On Thursday, Microsoft researchers announced a new text-to-speech AI model called VALL-E that can closely simulate a person’s voice when given a three-second audio sample. Once it learns a specific voice, VALL-E can synthesize audio of that person saying anything—and do it in a way that attempts to preserve the speaker’s emotional tone.
Its creators speculate that VALL-E could be used for high-quality text-to-speech applications, speech editing where a recording of a person could be edited and changed from a text transcript (making them say something they originally didn’t), and audio content creation when combined with other generative AI models like GPT-3.

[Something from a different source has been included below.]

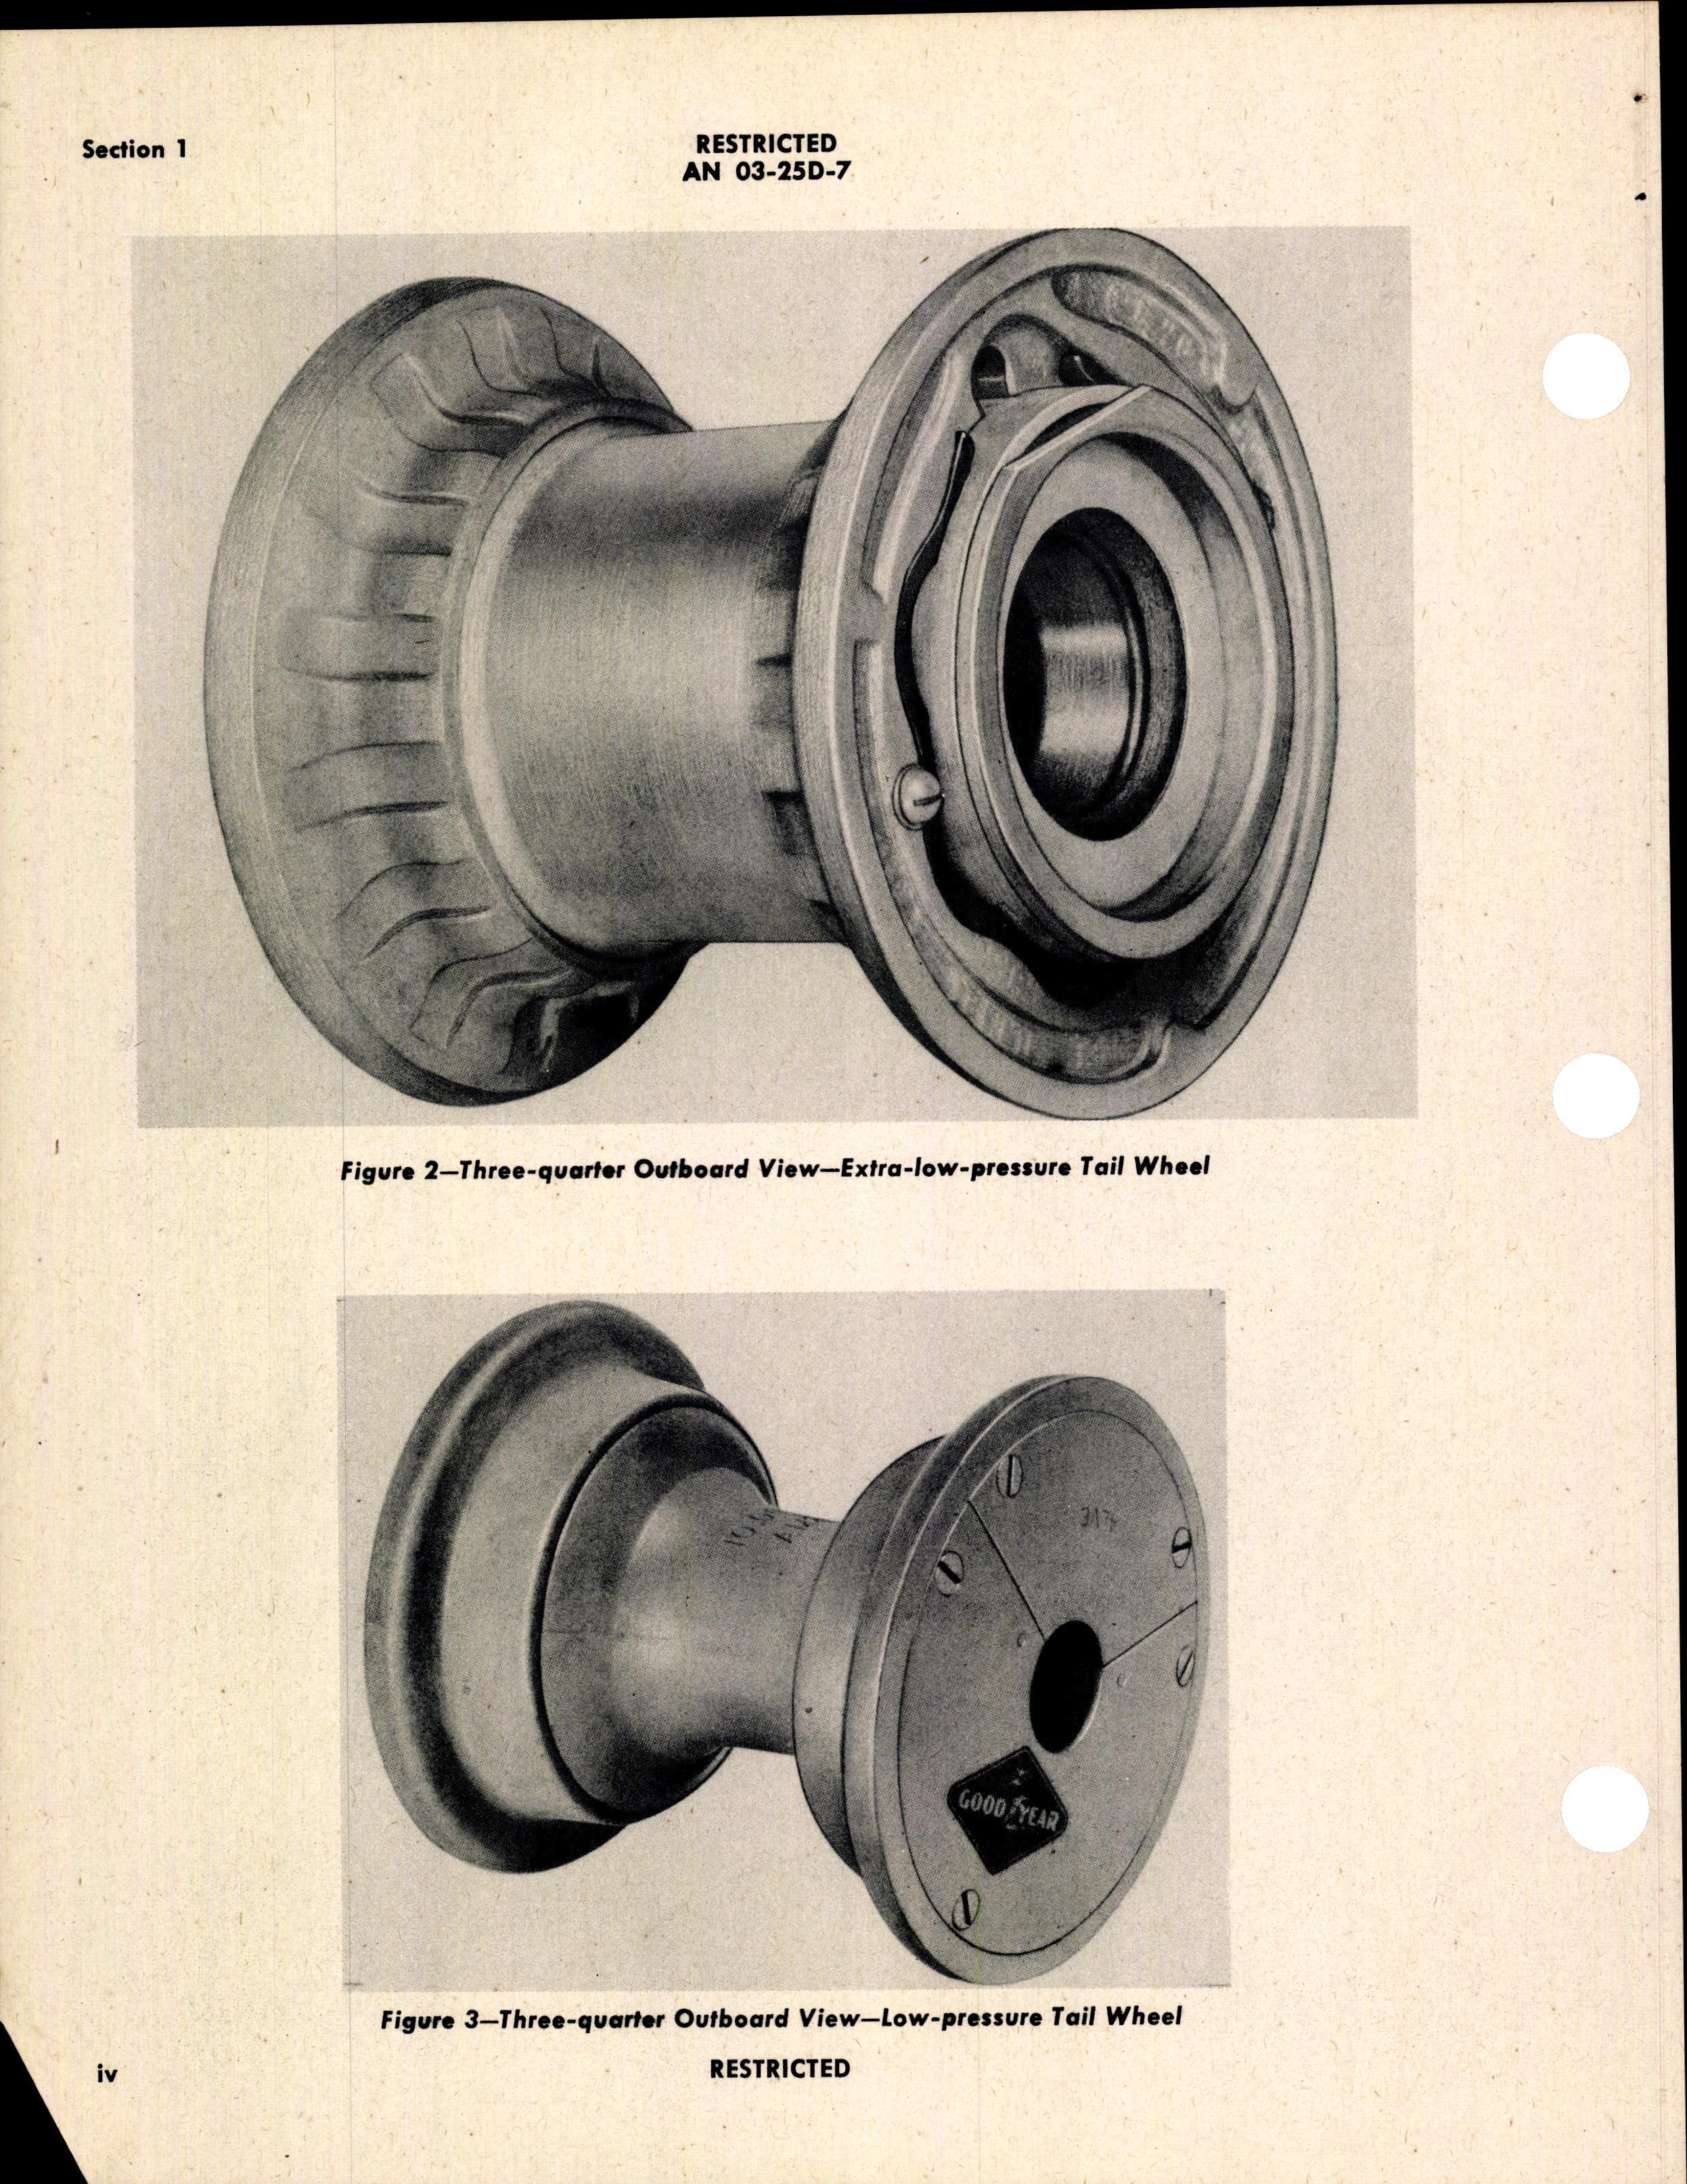 Sample page 6 from AirCorps Library document: Operation, Service, & Overhaul Instructions with Parts Catalog for Goodyear Nose and Tail Wheels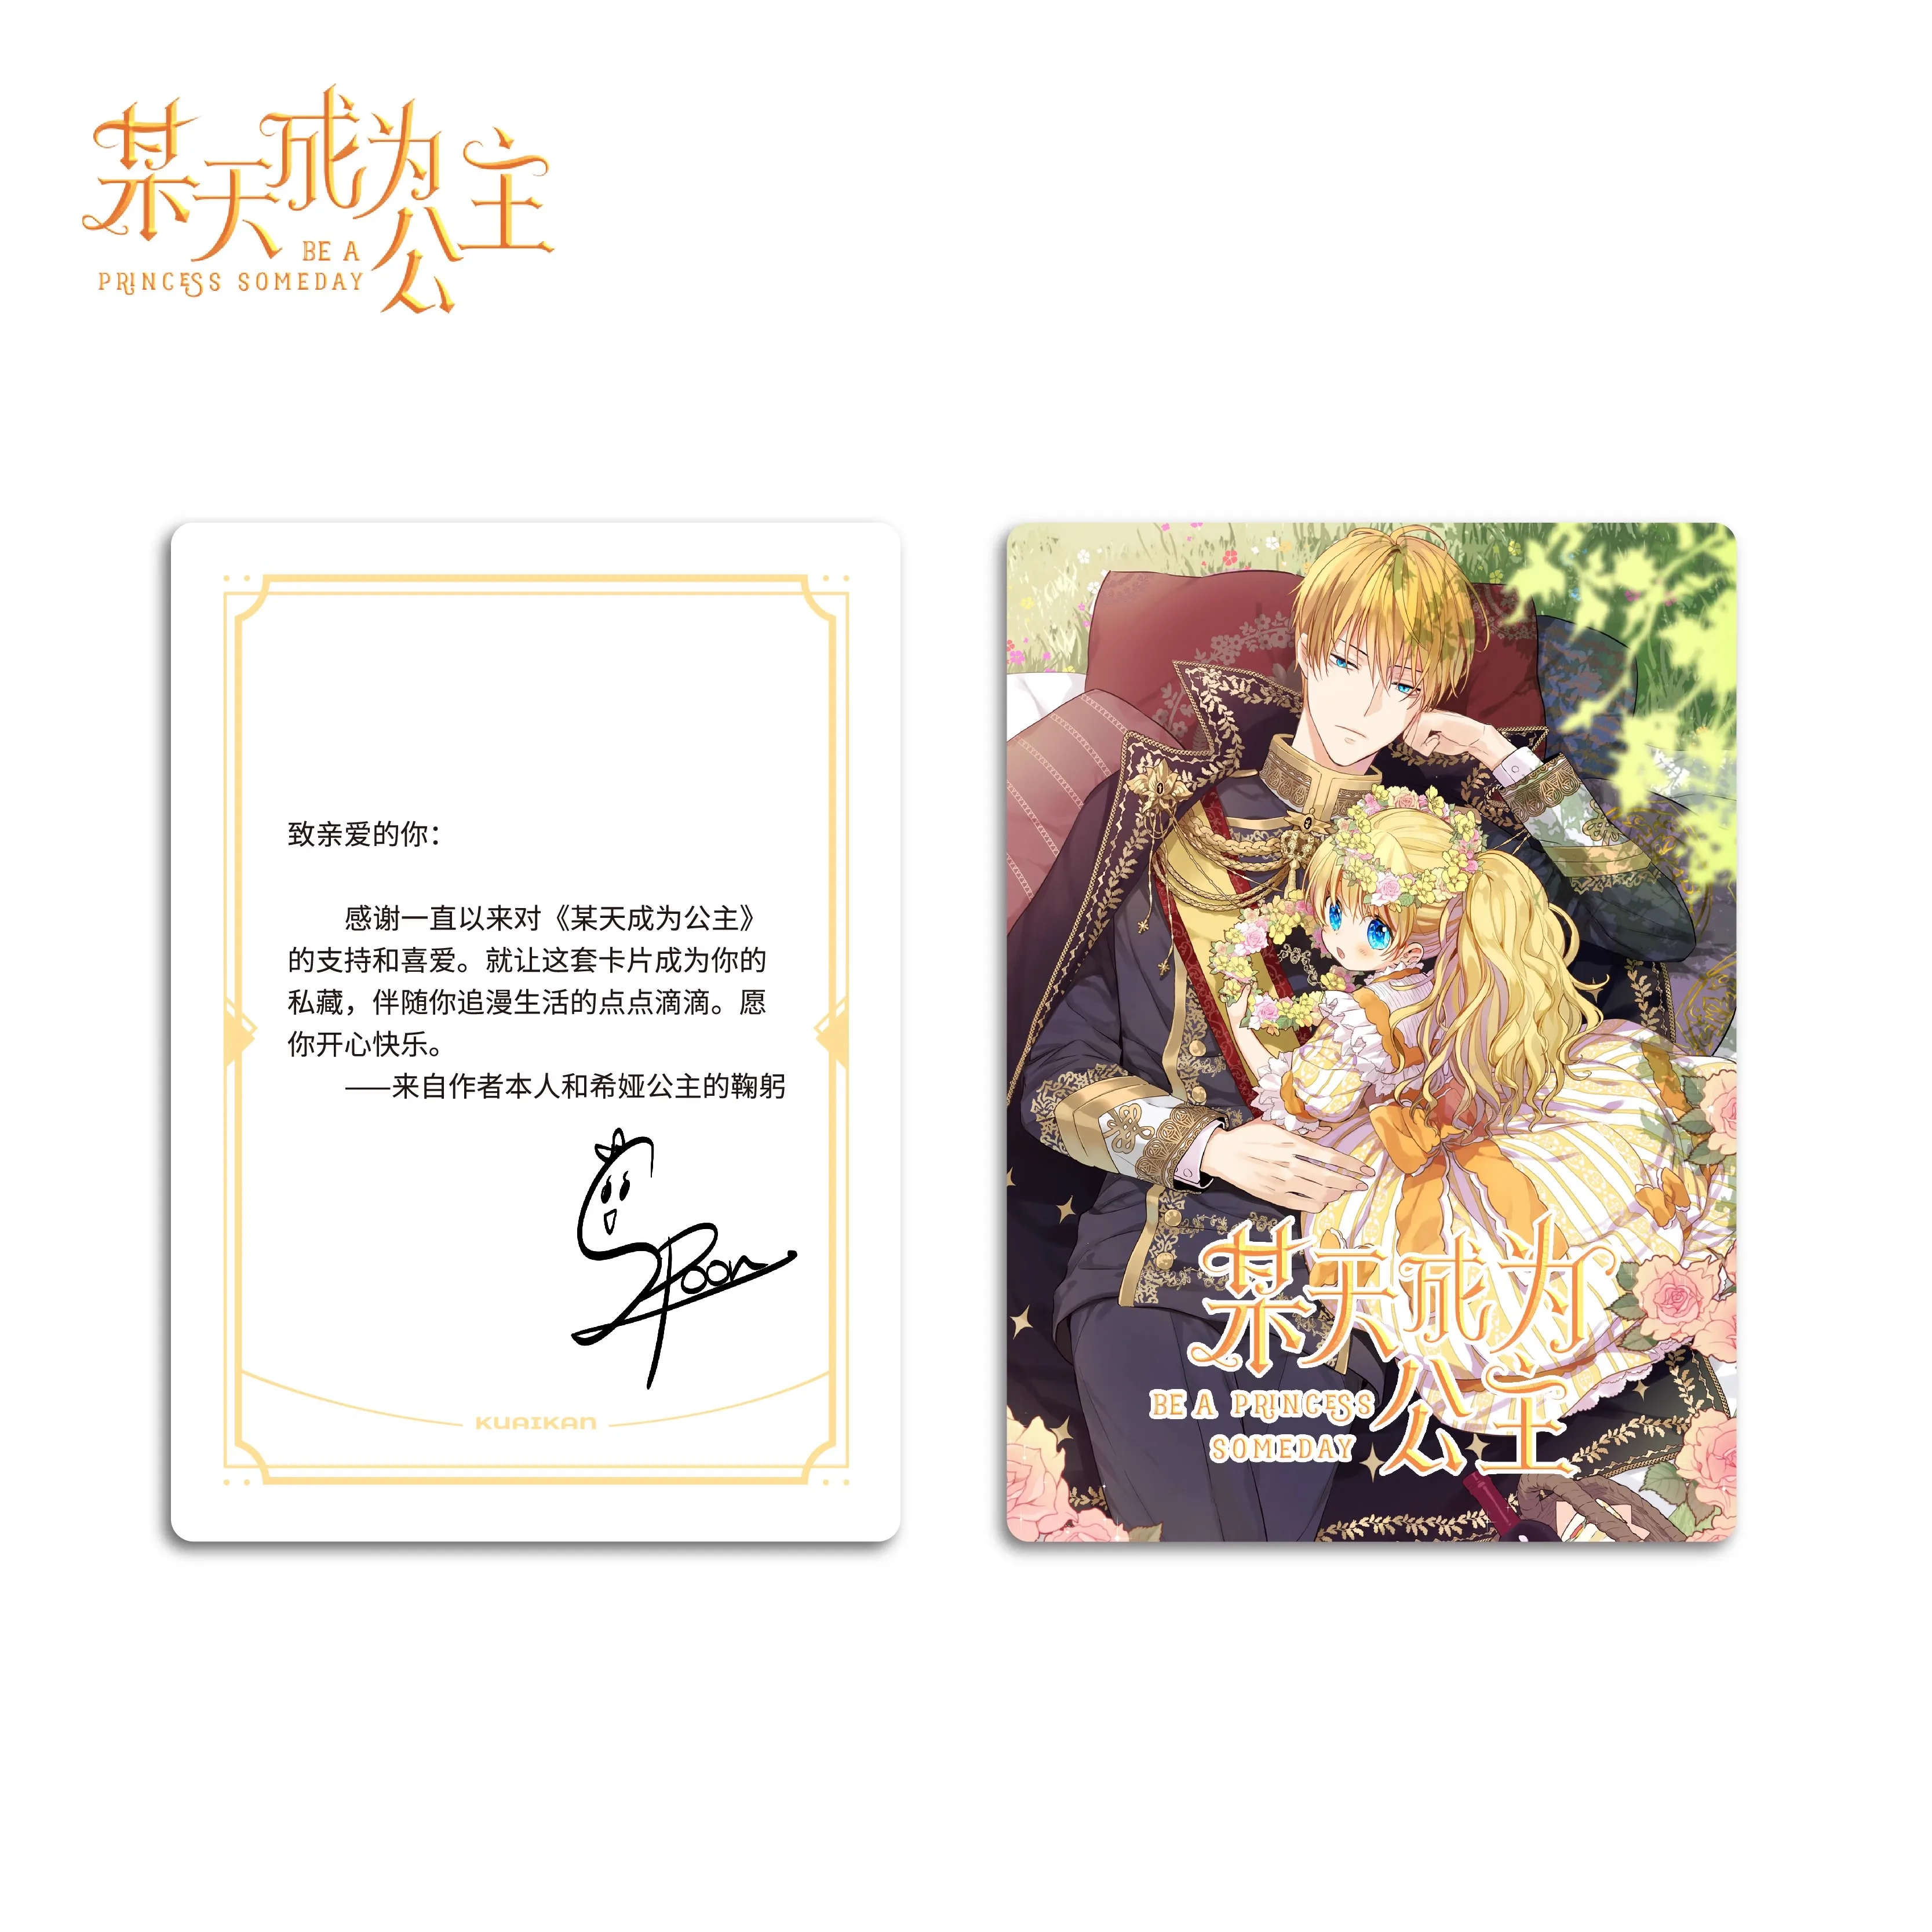 New Comic Be A Princess Someday Lomo Card Princess Sia and Claude Cartoon Figure Laser Card Collection Cards Fans Gift

Microsoft calls VALL-E a “neural codec language model,” and it builds off of a technology called EnCodec, which Meta announced in October 2022. Unlike other text-to-speech methods that typically synthesize speech by manipulating waveforms, VALL-E generates discrete audio codec codes from text and acoustic prompts. It basically analyzes how a person sounds, breaks that information into discrete components (called “tokens”) thanks to EnCodec, and uses training data to match what it “knows” about how that voice would sound if it spoke other phrases outside of the three-second sample. Or, as Microsoft puts it in the VALL-E paper:
To synthesize personalized speech (e.g., zero-shot TTS), VALL-E generates the corresponding acoustic tokens conditioned on the acoustic tokens of the 3-second enrolled recording and the phoneme prompt, which constrain the speaker and content information respectively. Finally, the generated acoustic tokens are used to synthesize the final waveform with the corresponding neural codec decoder.
Microsoft trained VALL-E’s speech-synthesis capabilities on an audio library, assembled by Meta, called LibriLight. It contains 60,000 hours of English language speech from more than 7,000 speakers, mostly pulled from LibriVox public domain audiobooks. For VALL-E to generate a good result, the voice in the three-second sample must closely match a voice in the training data.
On the VALL-E example website, Microsoft provides dozens of audio examples of the AI model in action. Among the samples, the “Speaker Prompt” is the three-second audio provided to VALL-E that it must imitate.